25. The learned counsel relied on a decision reported in 2009 7 SCC 712 , (Harmanpreet Singh Ahluwalia and Others vs. State of Punjab and Others) wherein the Apex Court has observed that in exceptional cases, the inherent jurisdiction of the High Court under Sec.482 Cr.P.C can be invoked. 26. The occurrence is said to have taken place on 20.6.1992. Charge sheet has been filed in the year 1999 which was taken on file in P.R.C No.43 of 1999. Almost, two decades have passed from the date of occurrence. 27. The petitioners are also the victims of atrocity at the hands of the forest officials. It is pertinent to point out that more than 300 persons were taken to the police station and kept under illegal custody and only thereafter, the present case has been registered. 28. It is well settled that where a criminal proceeding is manifestly attended with malfide and where the proceedings are maliciously instituted with an ulterior motive, the court can always invoke the inherent powers under Sec.482 Cr.P.C. 29. In the present case, obviously, more than 75 women were included without any basis and even in the complaint, 7 persons names were shown for the alleged overt act, but 14 persons were named in the first information report.
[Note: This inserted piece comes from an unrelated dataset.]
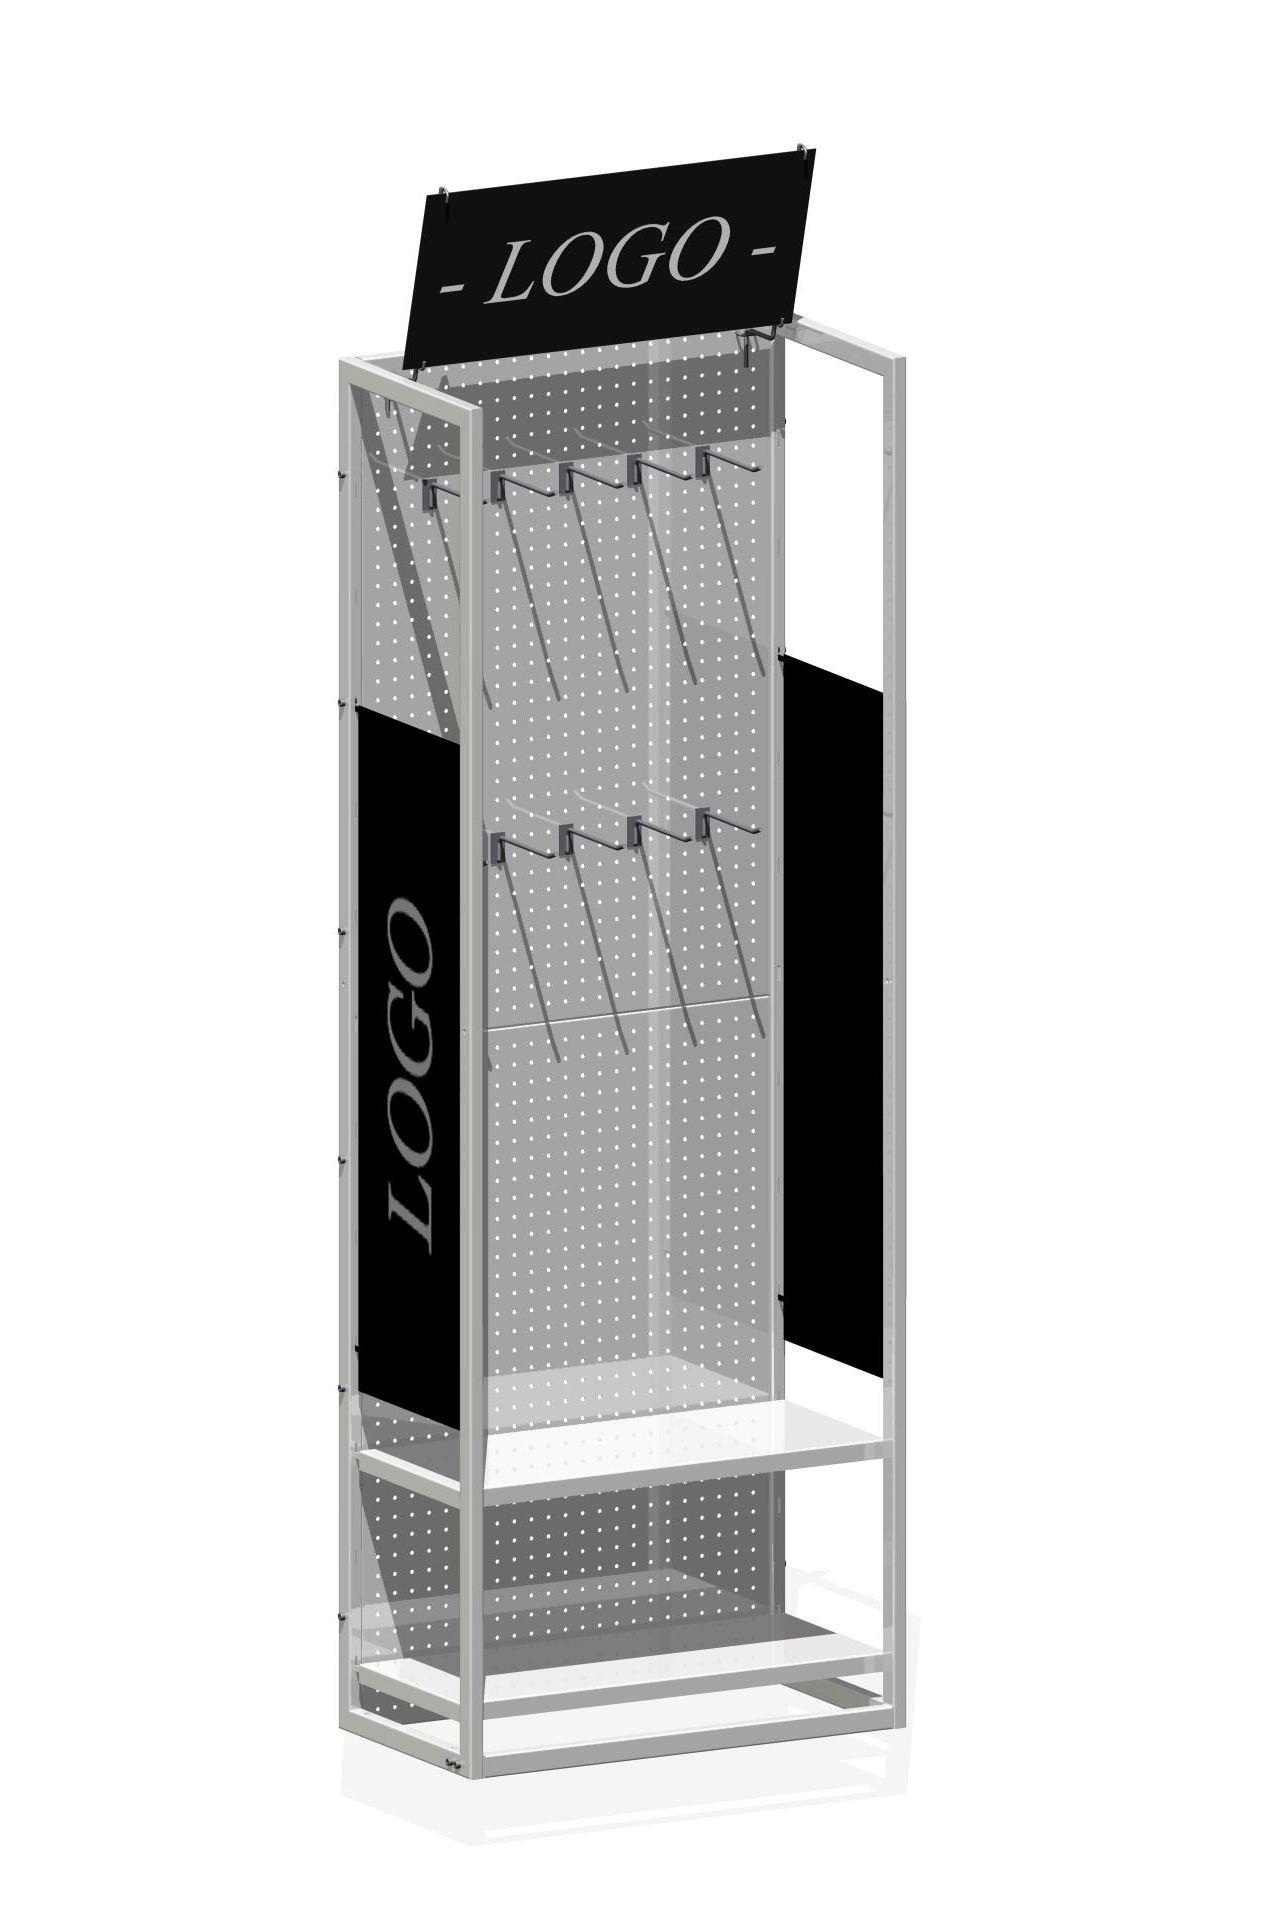 bu 1311 08 90 5 buyck displays. Black Bedroom Furniture Sets. Home Design Ideas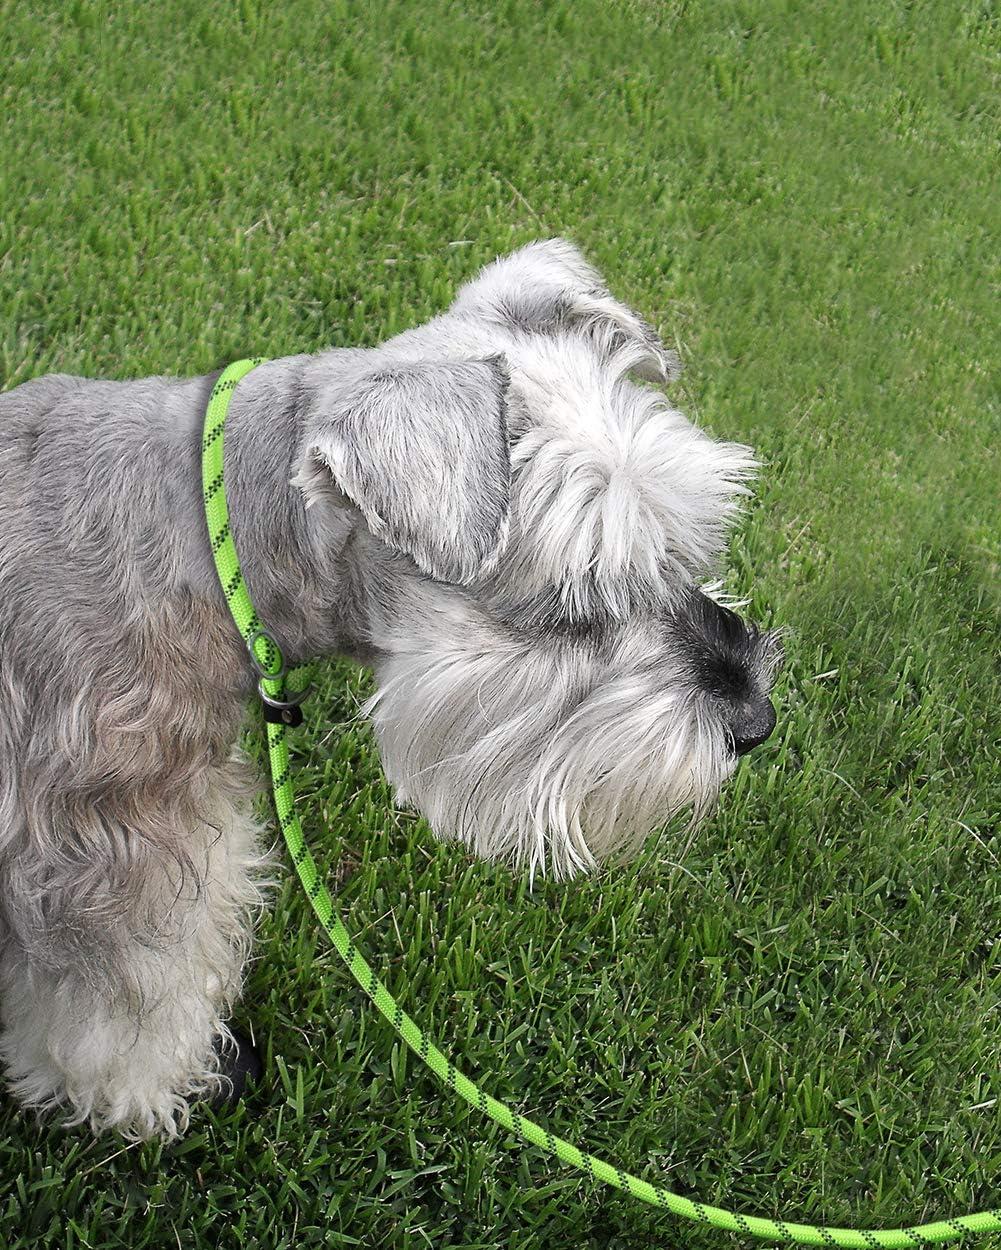 Joytale Slip Lead Dog Leash Reflective Rope Training Leash with Comfortable Padded Handle for Small Medium Dogs,6 Feet

For the last two decades, 104 persons were dragged to the Court on a complaint which was obviously obtained and registered only after the commission of the atrocity in the Vachathi village. Though the charge sheet has been filed, I have no hesitation to hold that the entire proceedings is attended with malafide and no purpose would be served if the proceedings are allowed to be continued and that too, after twenty years of the alleged incident. 30. Under such circumstances, I am of the considered view that the entire proceedings in P.R.C.No.43/99 on the file of the learned Judicial Magistrate, Harur is liable to be quashed and accordingly it is quashed. 31. In the result, both the criminal original petitions are allowed. Consequently connected Mps are allowed.